Flexible and efficient Bayesian pharmacometrics modeling using Stan and Torsten, Part I
Author(s) -
Margossian Charles C.,
Zhang Yi,
Gillespie William R.
Publication year - 2022
Publication title -
cpt: pharmacometrics and systems pharmacology
Language(s) - English
Resource type - Journals
SCImago Journal Rank - 1.53
H-Index - 37
ISSN - 2163-8306
DOI - 10.1002/psp4.12812
Subject(s) - computer science , computation , bayesian inference , inference , bayesian probability , artificial intelligence , theoretical computer science , machine learning , programming language
Stan is an open‐source probabilistic programing language, primarily designed to do Bayesian data analysis. Its main inference algorithm is an adaptive Hamiltonian Monte Carlo sampler, supported by state‐of‐the‐art gradient computation.
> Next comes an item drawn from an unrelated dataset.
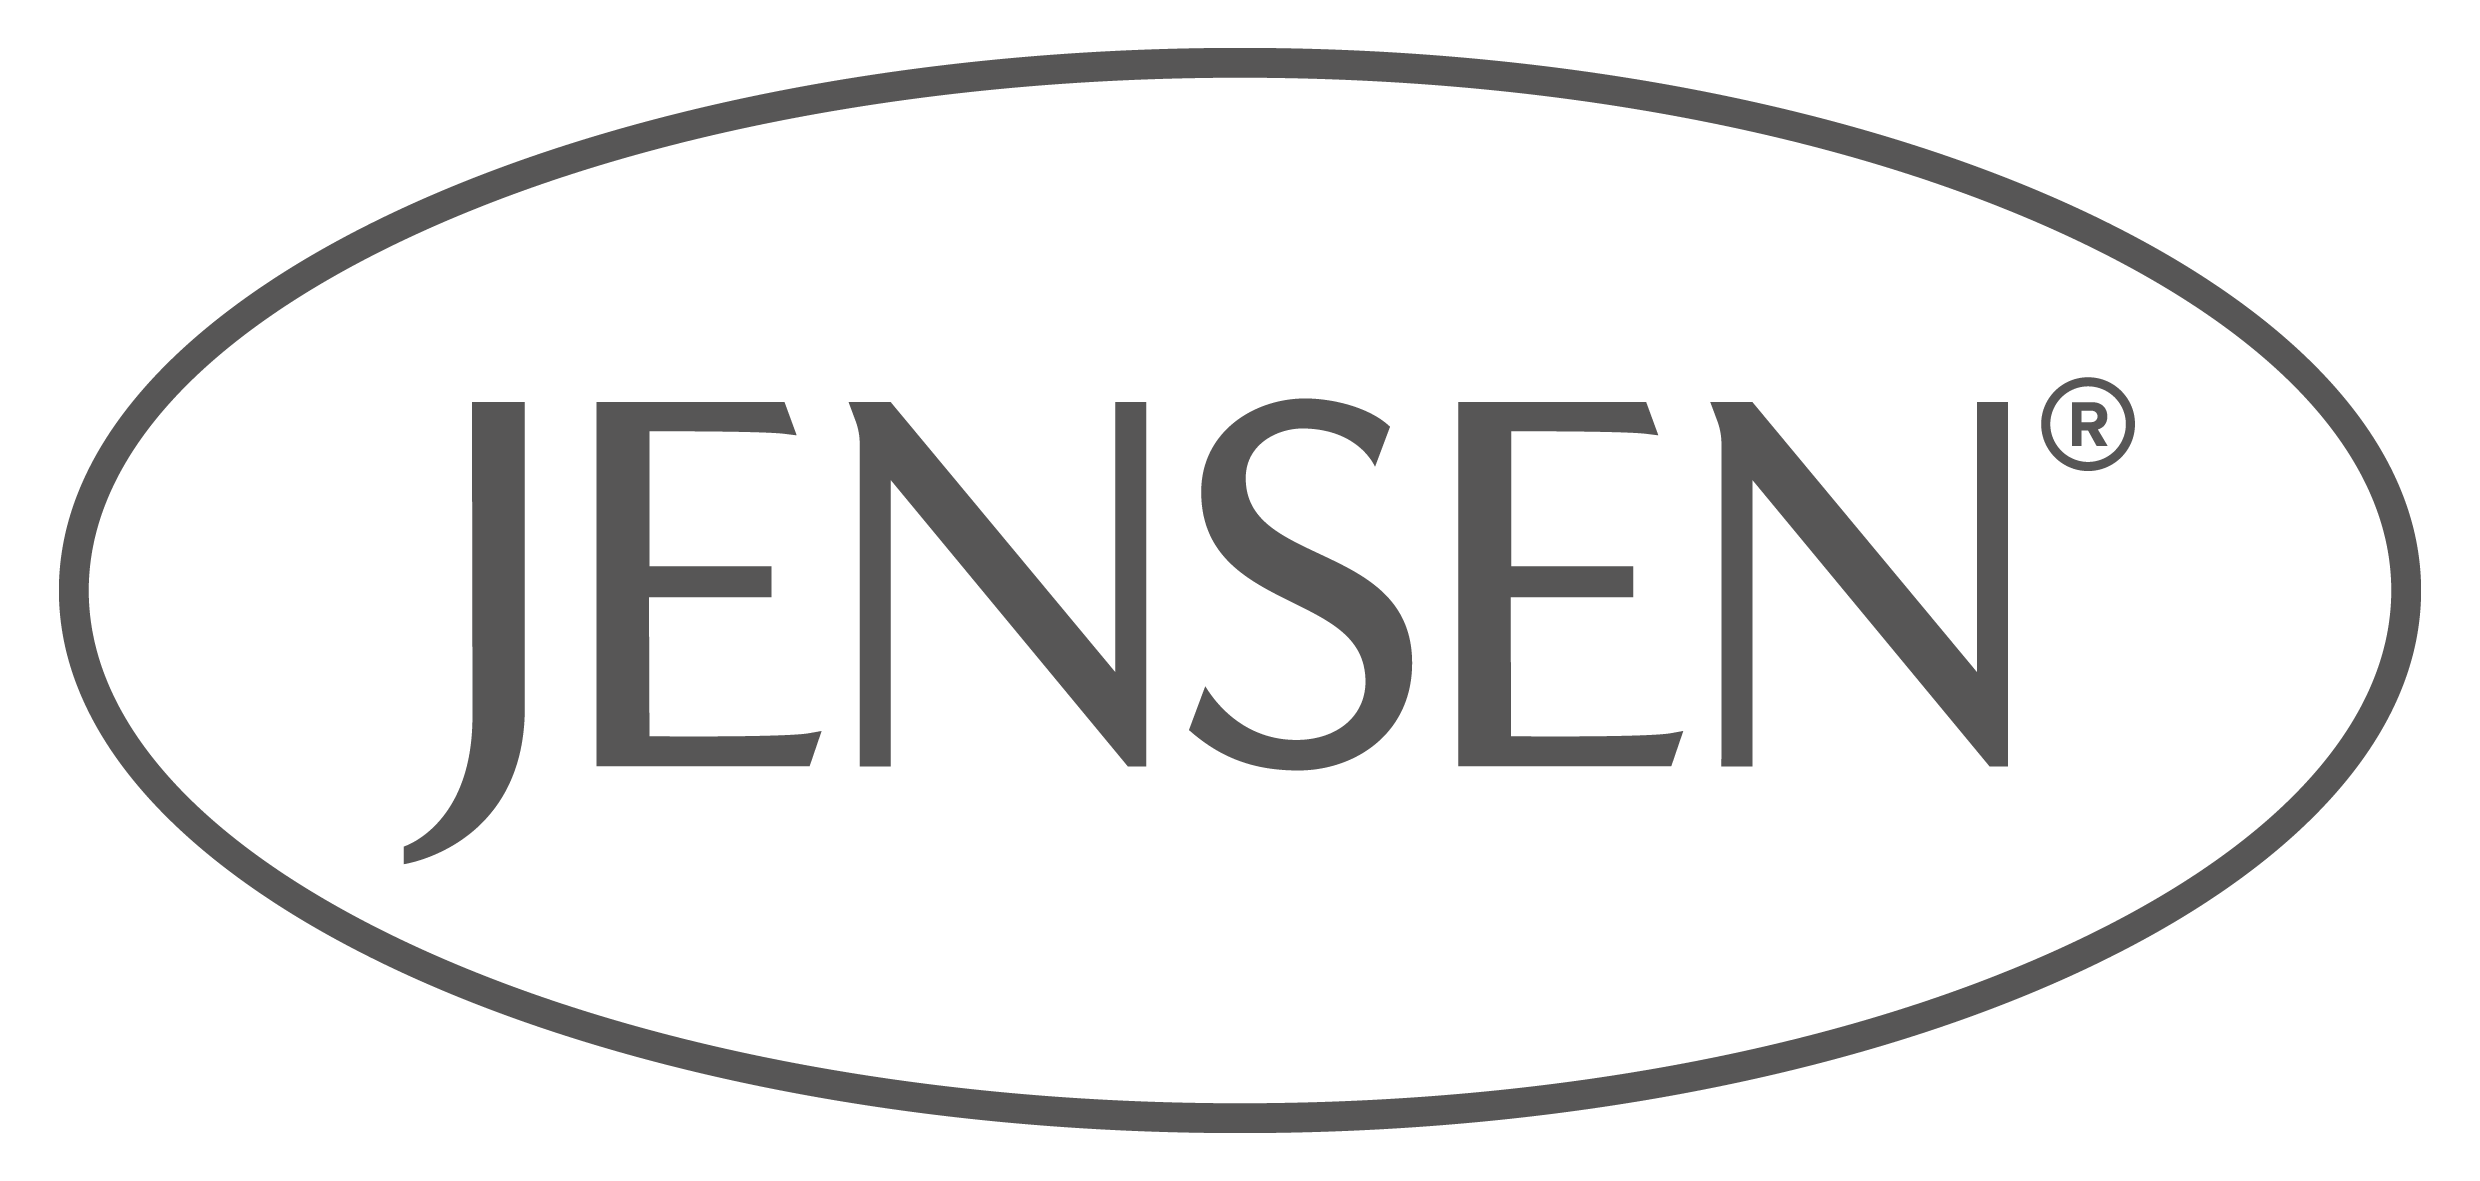 Jensen Store logo scandinavian beds

Stan's strengths include efficient computation, an expressive language that offers a great deal of flexibility, and numerous diagnostics that allow modelers to check whether the inference is reliable. Torsten extends Stan with a suite of functions that facilitate the specification of pharmacokinetic and pharmacodynamic models and makes it straightforward to specify a clinical event schedule. Part I of this tutorial demonstrates how to build, fit, and criticize standard pharmacokinetic and pharmacodynamic models using Stan and Torsten.